Choose the Wrapper Method

fit_cate() supports method = c("dr", "r", "t", "ep").

  • method = "dr" is the main difference-scale default when treatment is binary or categorical and you want a target-aligned CATE fit that uses both propensity and outcome nuisance estimates.
  • method = "r" is the residual-on-residual path and the current continuous-treatment option.

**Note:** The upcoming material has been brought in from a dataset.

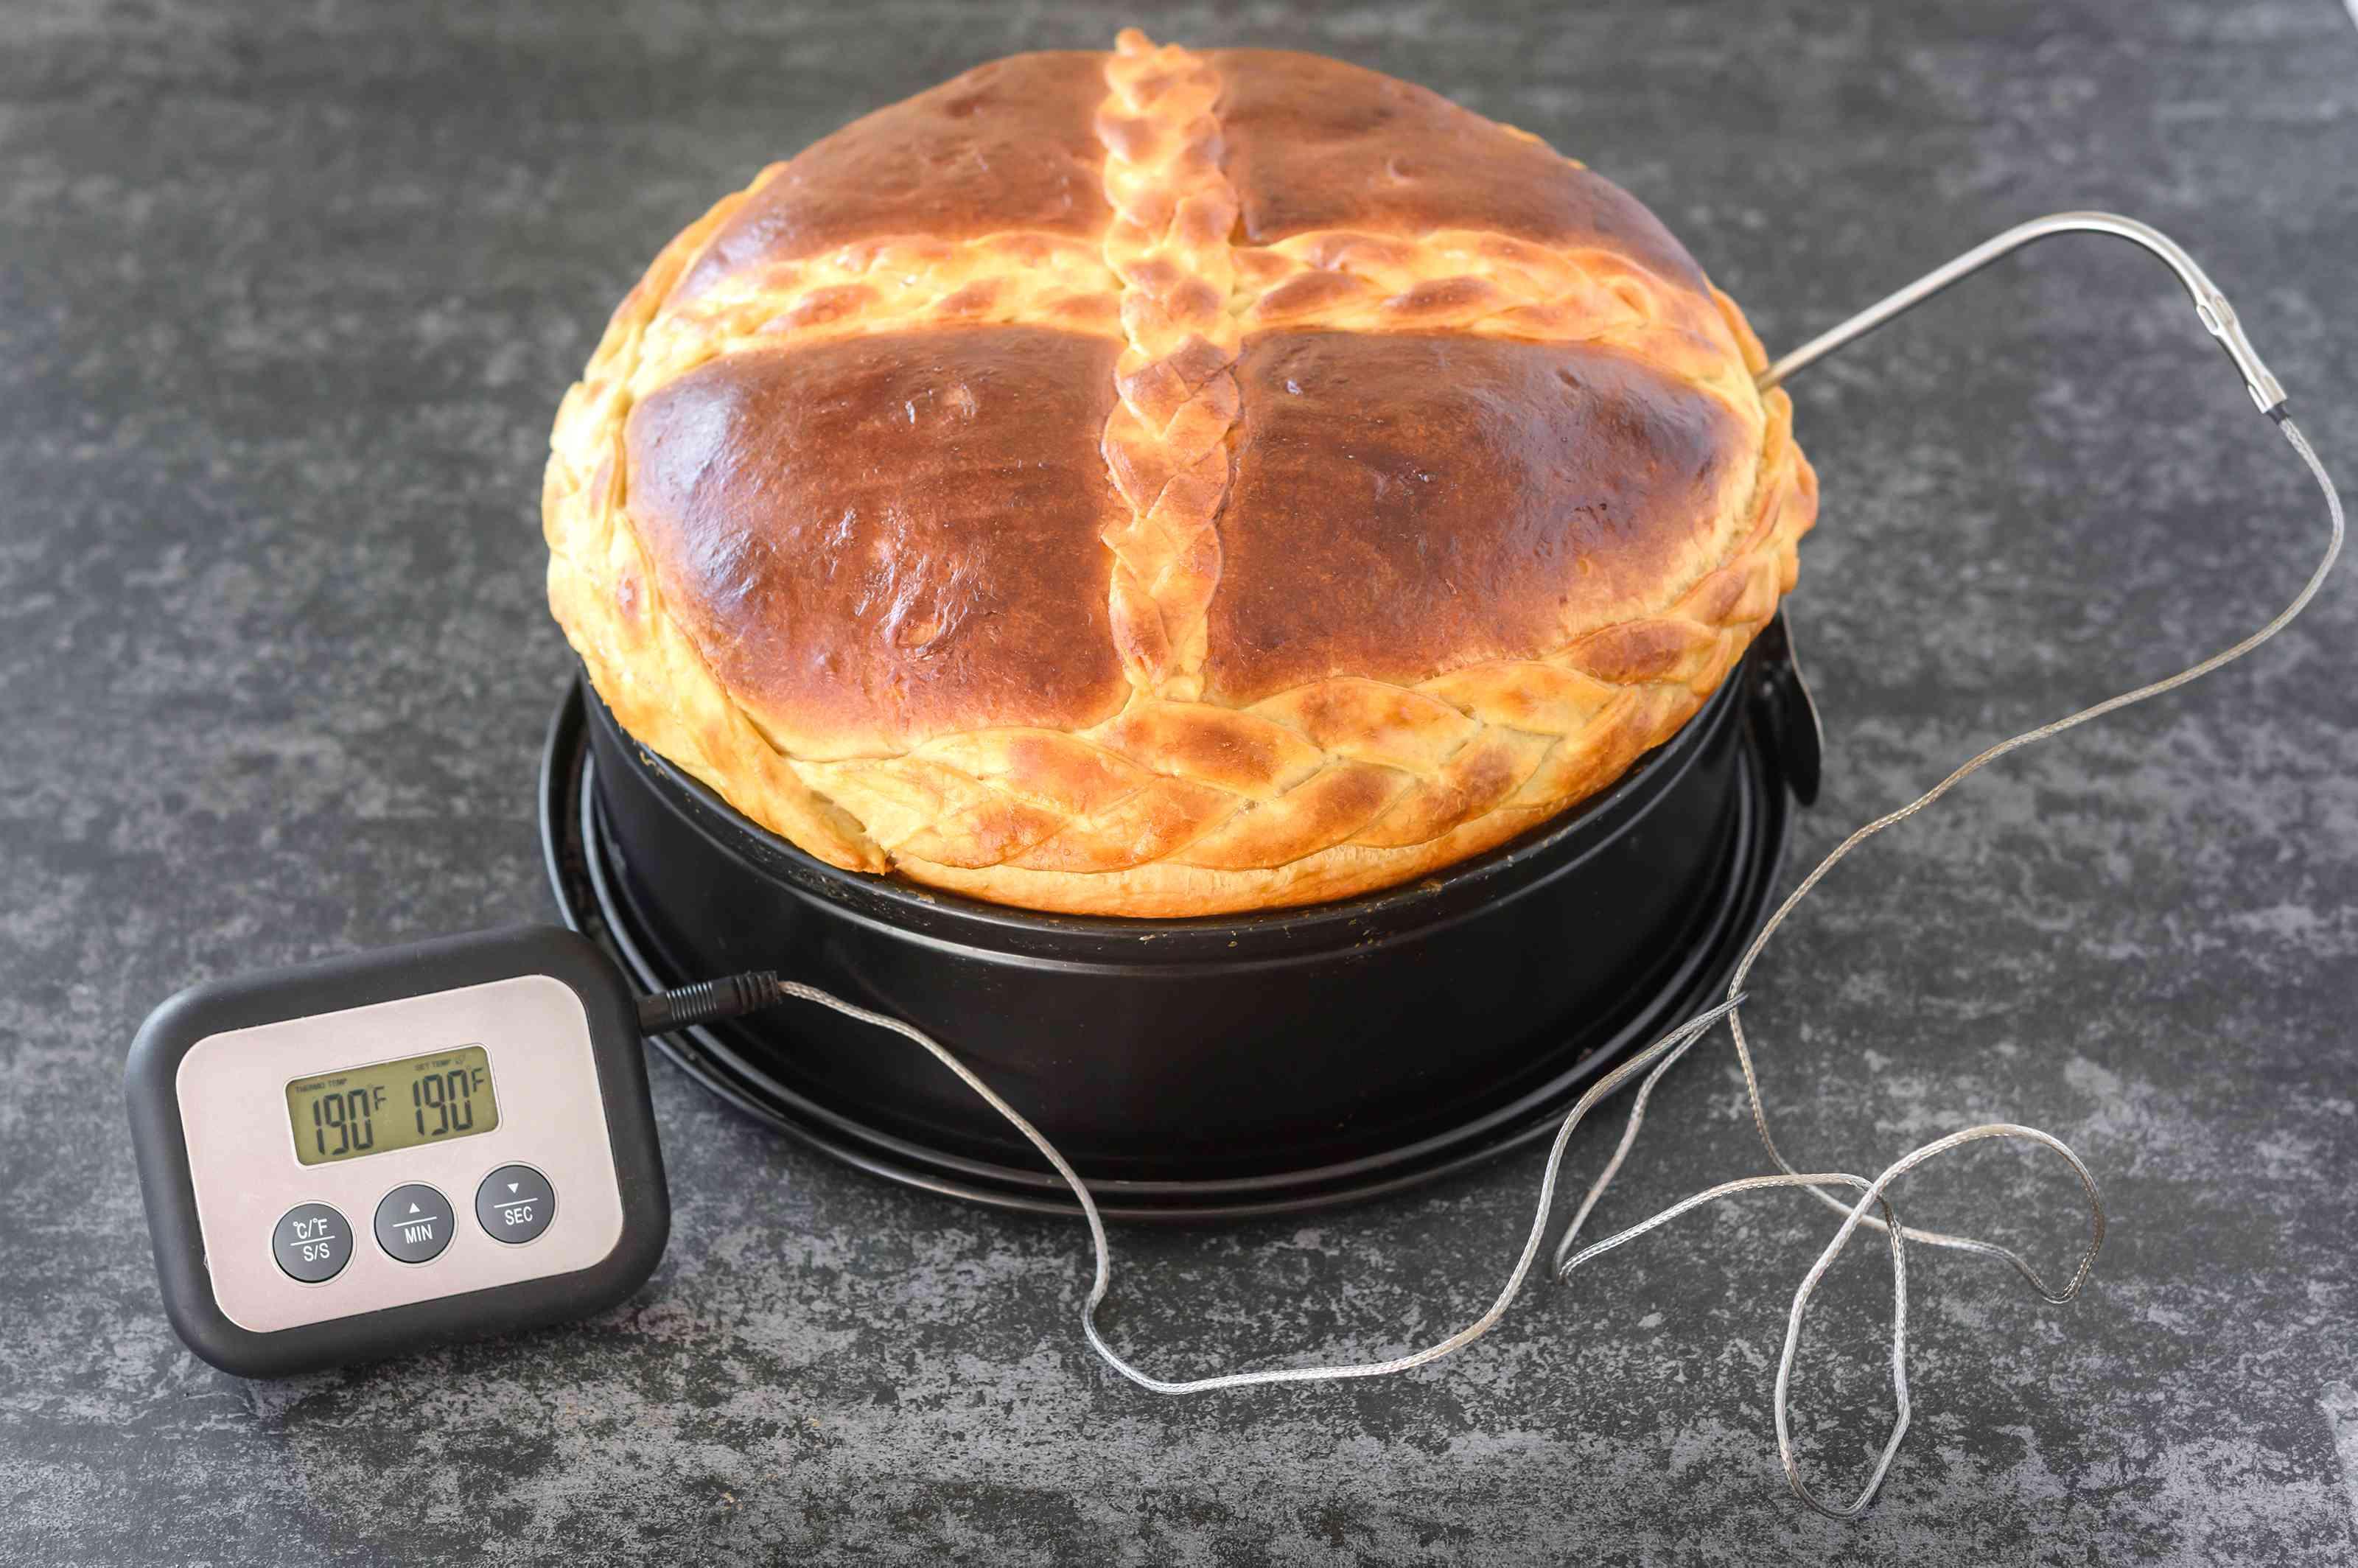 Make sculpting dough

In reduced-modifier settings, it targets an overlap-weighted projection rather than the unweighted E[Y(1) - Y(0) | V].
  • method = "t" is the baseline that fits outcome models by treatment arm and subtracts them.
  • method = "ep" is the sieve-based plug-in path. Use it when you want the EP family; see EP-Learner Sieve Tuning for basis-size tuning and EP-DR versus EP-R details.

Reduced-Modifier Targets

When modifiers = V and confounders = W with V a strict subset of W, the target of interest is E[Y(1) - Y(0) | V] = E[tau(W) | V].

In the supported binary/categorical-treatment setting:

  • DR, EP, and the default two-stage T-learner align with that target
  • the current R-learner instead targets an overlap-weighted projection onto functions of V

This is why fit_cate(..., method = "r") warns in reduced-modifier settings.

Compare CATE Learner Families

Wrapper-level CATE cross-validation is controlled by cross_validate and cv_control.

cv_model <- fit_cate(
  task,
  method = c("dr", "r", "ep"),
  base_learner = Lrnr_mean$new(),
  cross_validate = TRUE,
  cv_control = list(V = 2)
)

cv_model
#> <hte3_model>
#>   Target: CATE
#>   Engine: sl3
#>   Method: portfolio(dr, r, ep)
#>   Cross-validated: yes
#>   Selected candidate: r
#>   Selected method: r
#>   EP basis grid: 2, 4, 8, 12, 16
#>   Modifiers: W1, W2
head(predict(cv_model, data))
#> [1] 1.305974 1.305974 1.305974 1.305974 1.305974 1.305974

summary(cv_model) reports the selected learner. If the selected learner is an EP candidate, the summary also reports the selected basis size and any EP selection metadata.

Important Constraints

  • Continuous-treatment CATE currently supports method = "r" only, using the partially linear effect model A * tau(X).
  • Use sieve_num_basis when you want one fixed EP basis size and sieve_basis_grid when you want wrapper-level EP basis-size selection.
  • For direct control over candidate learner objects, see Advanced sl3 Integration.